_Data segment_
○ ○ ○

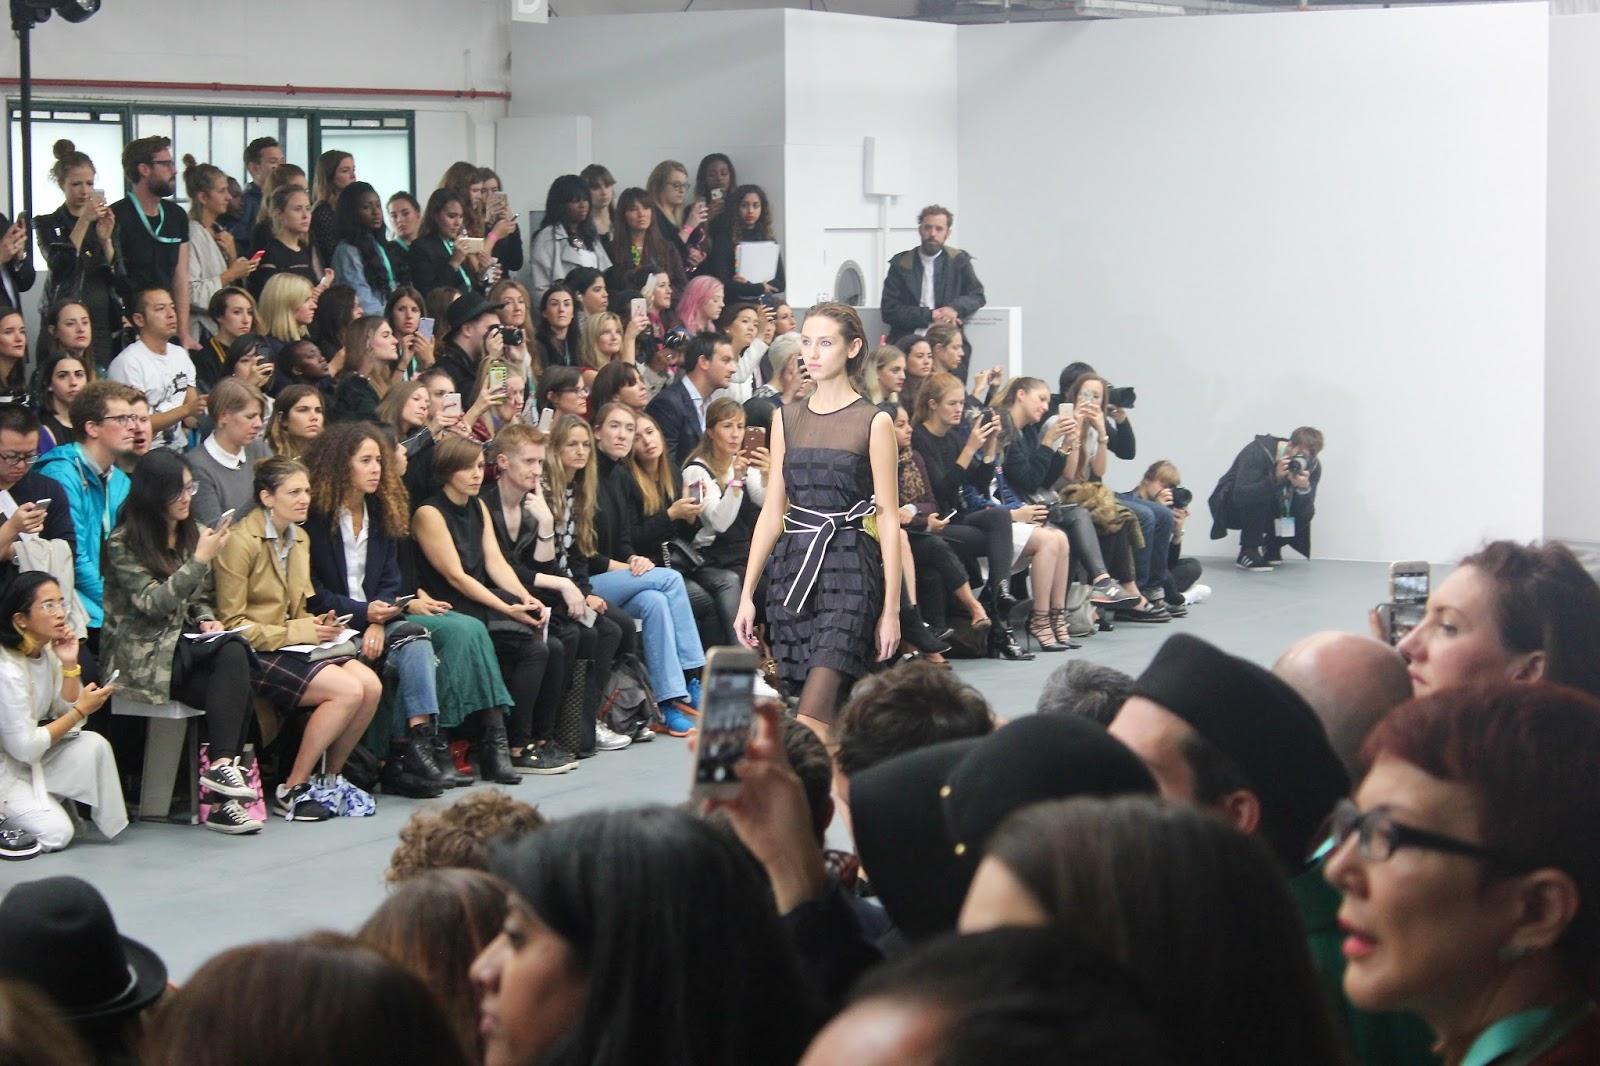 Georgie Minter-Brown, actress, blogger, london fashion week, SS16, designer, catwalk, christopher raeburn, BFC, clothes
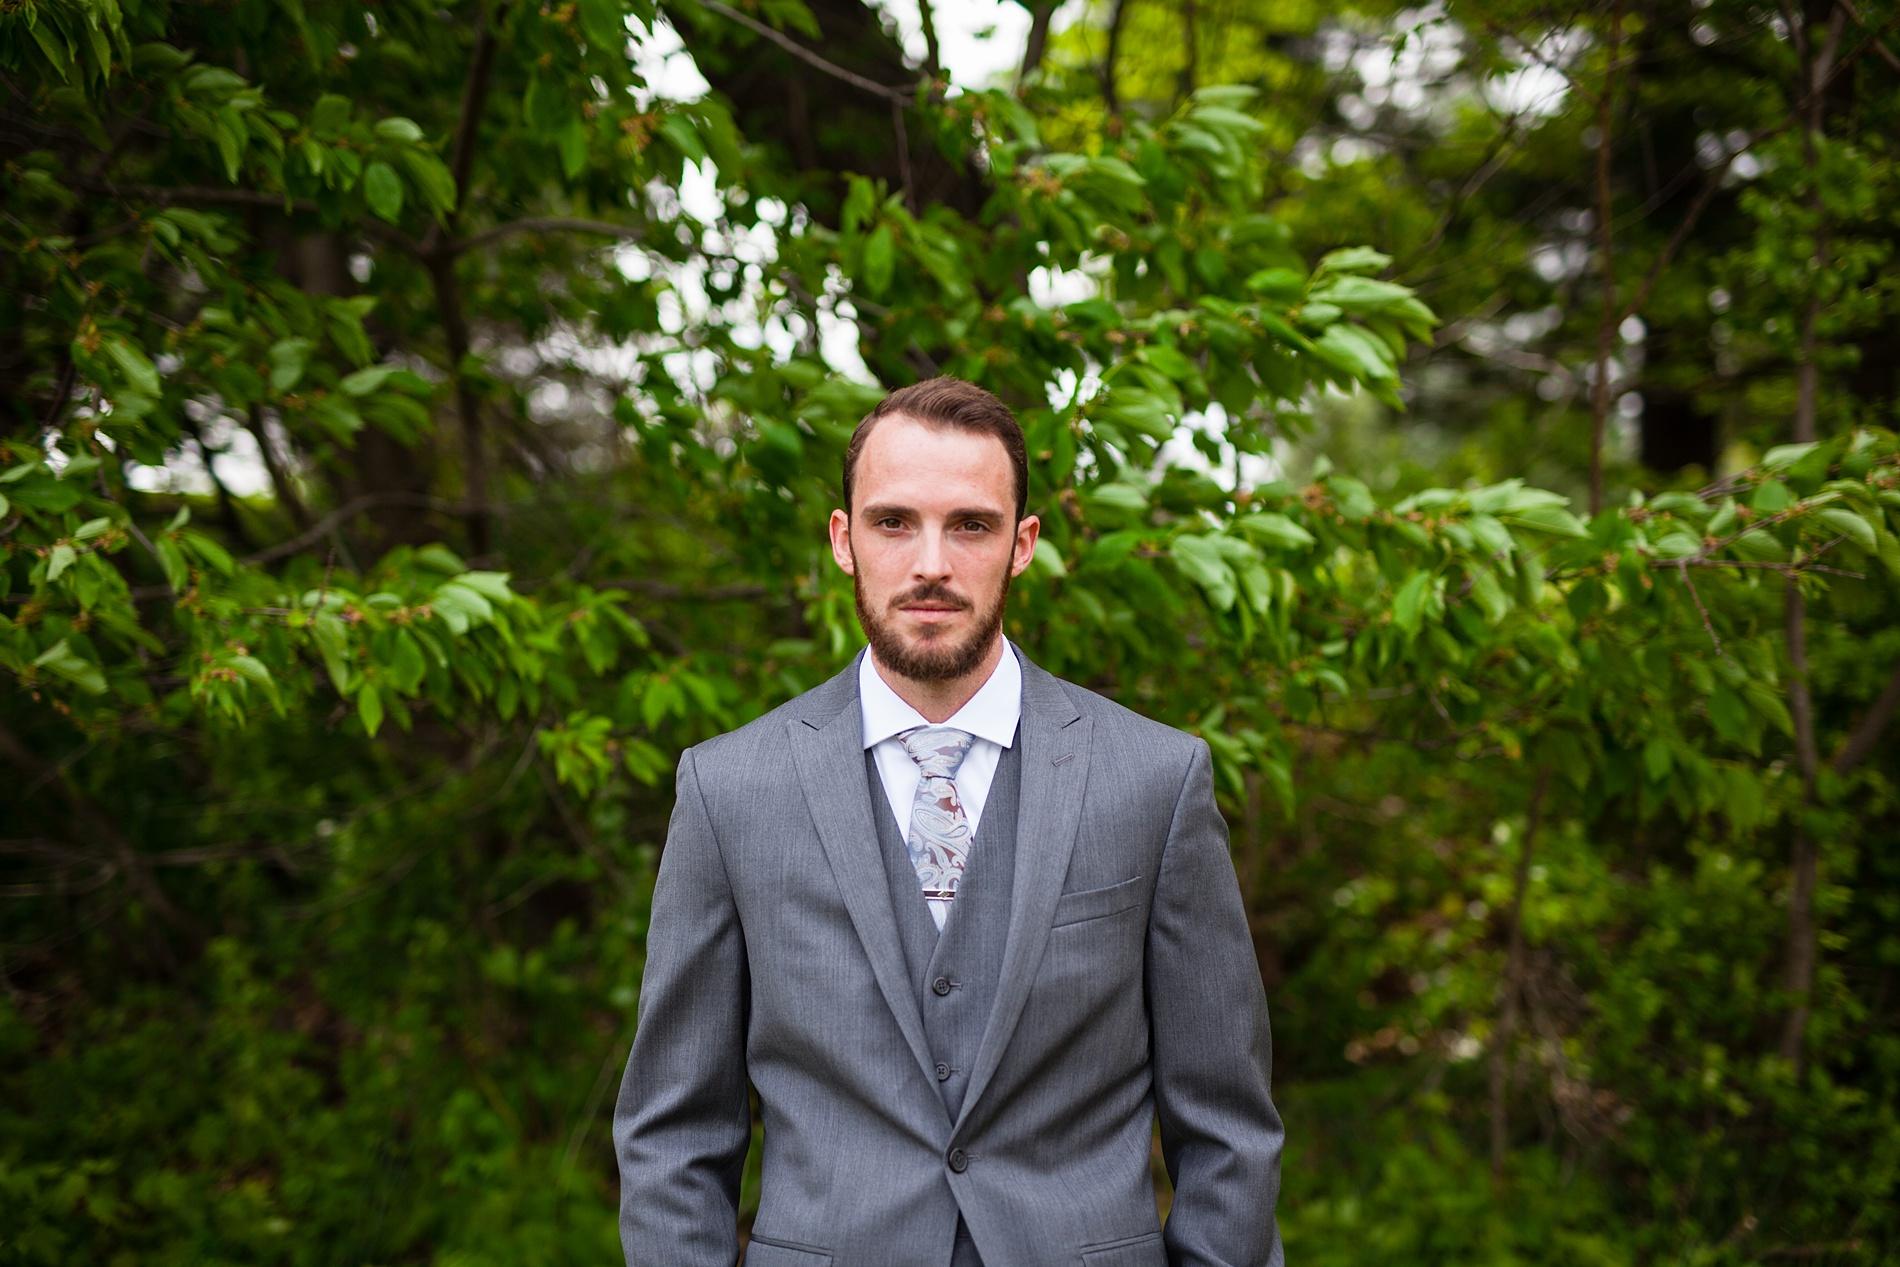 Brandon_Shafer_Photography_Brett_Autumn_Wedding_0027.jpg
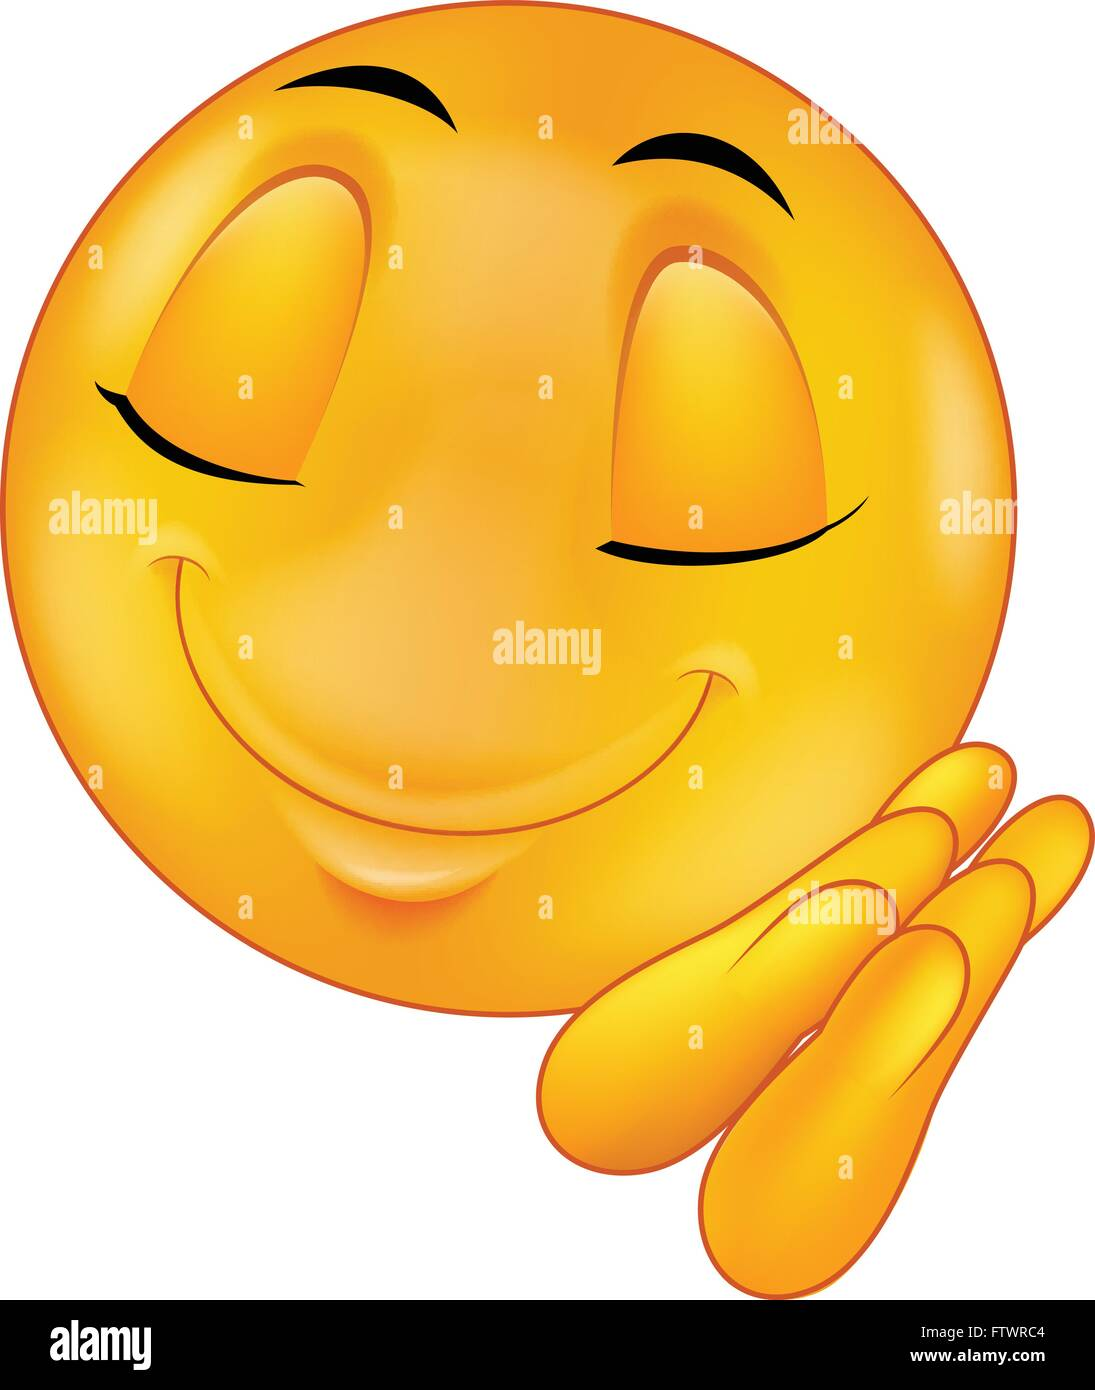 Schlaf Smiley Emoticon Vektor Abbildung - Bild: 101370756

○ ○ ○

_Your objective_
The listing above must be retyped word for word, without the pictures.

_Task output_
 Georgie Minter-Brown, actress, blogger, london fashion week, SS16, designer, catwalk, christopher raeburn, BFC, clothes
 Brandon_Shafer_Photography_Brett_Autumn_Wedding_0027.jpg
 Schlaf Smiley Emoticon Vektor Abbildung - Bild: 101370756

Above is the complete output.